Только после Февральской революции Алексеев коротко рассказал Тихобразову о причине Высочайшего неудовольствия. Александра Федоровна пыталась рассеять предубеждение начальника Штаба против Григория Распутина и настойчиво предлагала, чтобы тот посетил Ставку, чем «принес бы большое счастье».
К тому времени Распутин и его петроградские похождения стали притчей во языцех. Профессиональный разведчик, Генерального штаба генерал-майор Николай Батюшин, служивший в 1916 году при штабе Северного фронта, рассказывал о «старце» так: «По-своему Распутин был религиозен, сменяя бесшабашный разгул в домах своих приятелей и у цыган, а равно ежедневные у него дежурства по ночам своих поклонниц, молитвой. Этот разврат, прикрываемый при этом религиозным ханжеством, указывал на принадлежность, по-видимому, Распутина к хлыстовской секте, сведения о чем имелись также в делах канцелярии Святейшего Синода. Люди, желавшие в самых порочных даже проявлениях Распутина видеть сверхъестественное, усматривали чуть ли не „чудесные“ уклонения и в его половой сфере».
Алексеев, полагавший, что вокруг бессовестного «старца», дискредитировавшего Царскую семью, вертятся подозрительные личности вроде чиновного прохвоста Ивана Манасевича-Мануйлова и банкира Дмитрия Рубинштейна, отреагировал на предложение сухо. «Ваше Императорское Величество, — с достоинством ответил генерал, — я давно уже составил мнение по этому вопросу и ничего не сможет его изменить. Я должен добавить, что как только он появится в Ставке, я сложу с себя занимаемую должность». В итоге беседа оборвалась и стратег навсегда потерял расположение Александры Федоровны. Ее немилость к генералу была очевидной.
Однако можно ли на этом основании утверждать, что Алексеев примкнул к «заговорщикам», стремившимся организовать дворцовый переворот, чтобы передать престол другому лицу и предотвратить революционный взрыв в России?..
На что соглашался Алексеев?
Главную роль в организации «заговора», кульминацией которого должно было стать принуждение императора к отречению в пользу цесаревича Алексея Николаевича при регентстве Великого князя Михаила Александровича, играл председатель Центрального военно-промышленного комитета Александр Гучков. Слово «заговор» мы недаром берем в кавычки. Николай II и Гучков испытывали по отношению друг к другу острую неприязнь, граничившую, вероятно, с ненавистью, и, конечно, монархист Гучков, страстно желая отречения царя, руководствовался не только политическими расчетами, но и личными мотивами.
Однако подготовка дворцового переворота не выглядела серьезной и заключалась, в первую очередь, в разговорах и полунамеках в очень узком круге лиц. Наиболее заметным среди них и единственным старшим начальником стал Генерального штаба генерал-майор Александр Крымов, командовавший Уссурийской конной дивизией. В целом же, как сообщал в эмиграции Гучков историку Сергею Мельгунову, «сделано было много для того, чтобы быть повешенным, но мало для реального осуществления, ибо никого из крупных военных к заговору привлечь не удалось».
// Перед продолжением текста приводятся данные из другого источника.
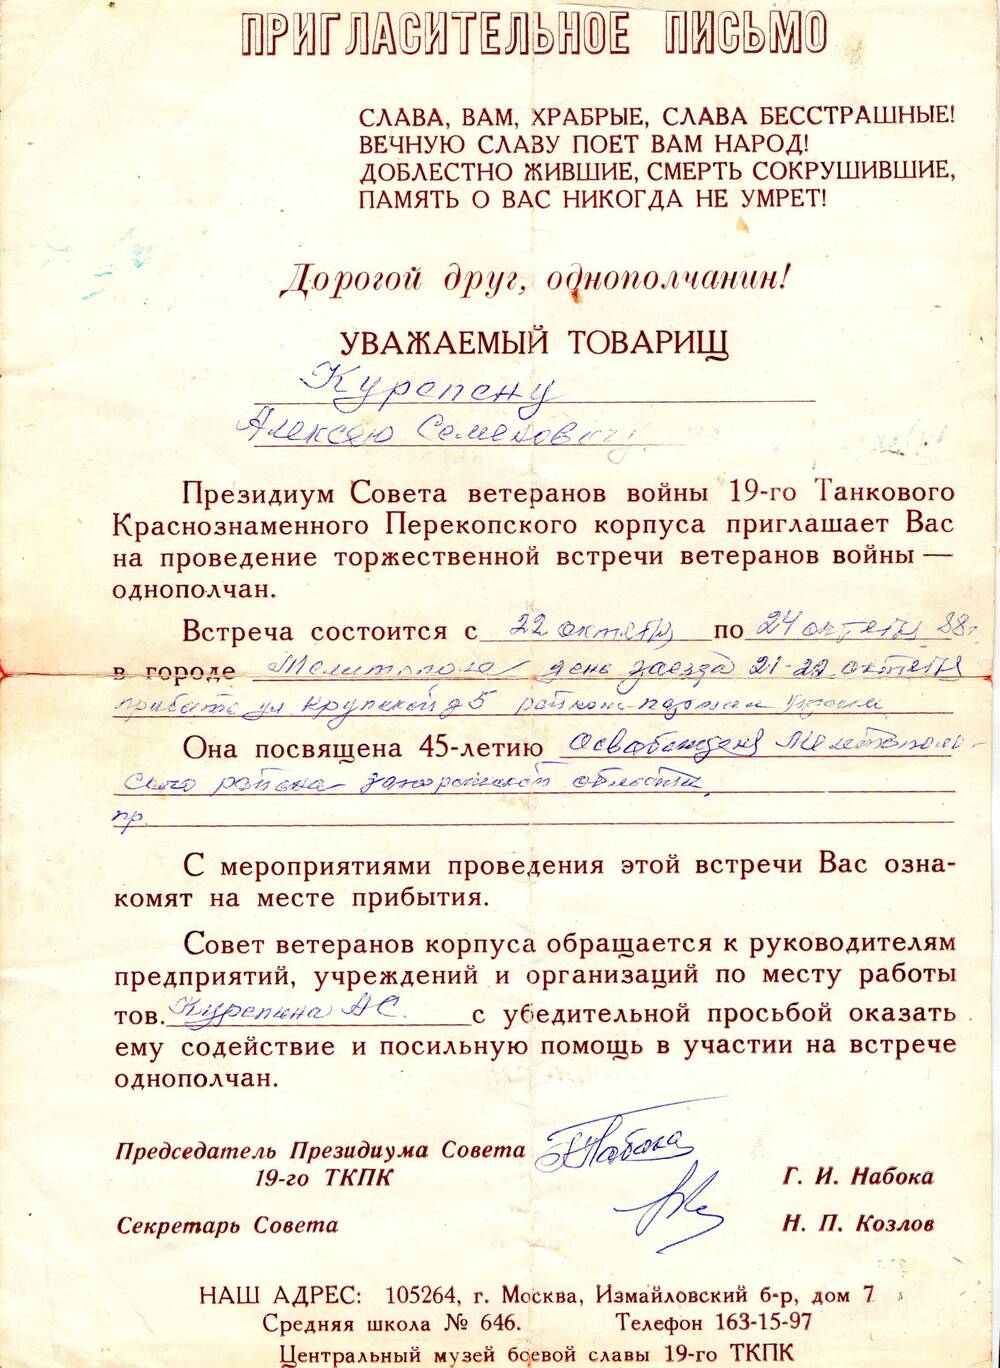 Пригласительное письмо Курепину Алексею Семеновичу  на проведение торжественной встречи ветеранов войны

15 августа 1916 года Гучков написал Алексееву частное письмо, полное обвинений в адрес власти, назвав ее «жалкой», «дрянной» и «слякотной». Особенно беспокоила автора угроза революции: «Надвигается потоп». До сих пор нет оснований считать, что начальник Штаба ответил Гучкову, вступив с ним в переписку. Но вместе с тем Алексеев не поставил в известность императора о полученном письме, в связи с чем одни исследователи упрекают генерала в неискренности, а другие полагают, что, получая ежедневно большую корреспонденцию, генерал просто не придал ему серьезного значения. Однако Гучков стал распространять текст в списках. Вскоре содержание письма стало известным в обществе и вызвало эффект в либерально-оппозиционных кругах: складывалось обманчивое впечатление, что оппозицию скрытно поддерживает сам начальник Штаба Верховного Главнокомандующего.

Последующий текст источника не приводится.